A few months and a different mission later (I had come down with some mysterious disease of the autonomic nervous system that was never identified, and I'd been transferred stateside), I was in the mission office on my way home (sick again). The office had an elderly couple who handled all the mission affairs. At that time, we had two couples; one was training the other, as it was just about time for the first to go home. As I sat there, looking forlornly out the window at the overcast sky, waiting for the mission van to pick me up and take me to the airport, I heard the old old guy say to the new old guy,

"Everything will go fine until your last eight weeks here. Then everything that can go wrong will. You'll have more sick missionaries, robberies, evictions, car accidents, bike accidents, lost credit cards, and hospitalizations during that time than you had the whole rest of your mission."

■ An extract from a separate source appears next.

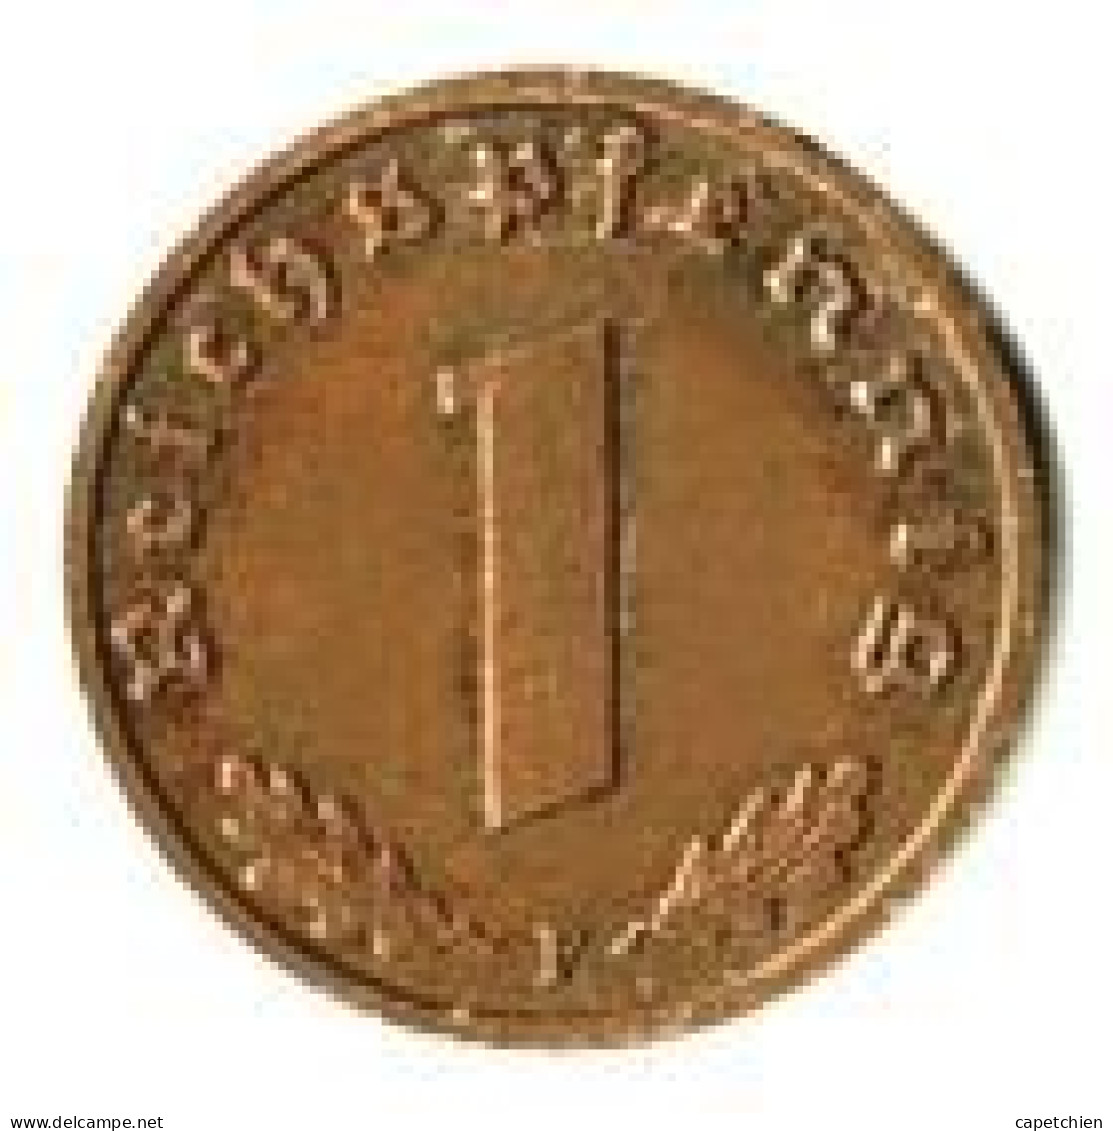 ALLEMAGNE / 1 REICHSPFENNIG / 1938 F / ETAT SUP / 1.90 G. - 1 Reichspfennig

Eight weeks. The exact amount of time, to the day, that I had been in that mission. And everything on that list had happened to ME during those eight weeks. I just sighed and kept my burning eyes focused on the stratus clouds out the window, trying not to think about a certain gypsy woman (or maybe Mobu priestess) and a particular ballistic bag of beans, beef, and bile that I had so carelessly tossed out the window years before.



I don't litter any more. I've never drunk caffeine since then, either. But still, my life is a circus: entertaining and chaotic. And still, whenever I go back home, I have one eye out for a dusty beat-up Volkswagen Rabbit with a mystical, scarf-headed woman inside, so I can find her and somehow make amends. Like take her to Seven Flags Car Wash, where it's a two-for-one special on Tuesdays. You know, something like that.

2 comments:

Christie C said...

Loved the story! :)

Anonymous said...

With all due respect, I think you deserved some kind of cursing. I think in the gypsy's place I'd be tempted to do a little cursing myself. Probably not so drastic, however.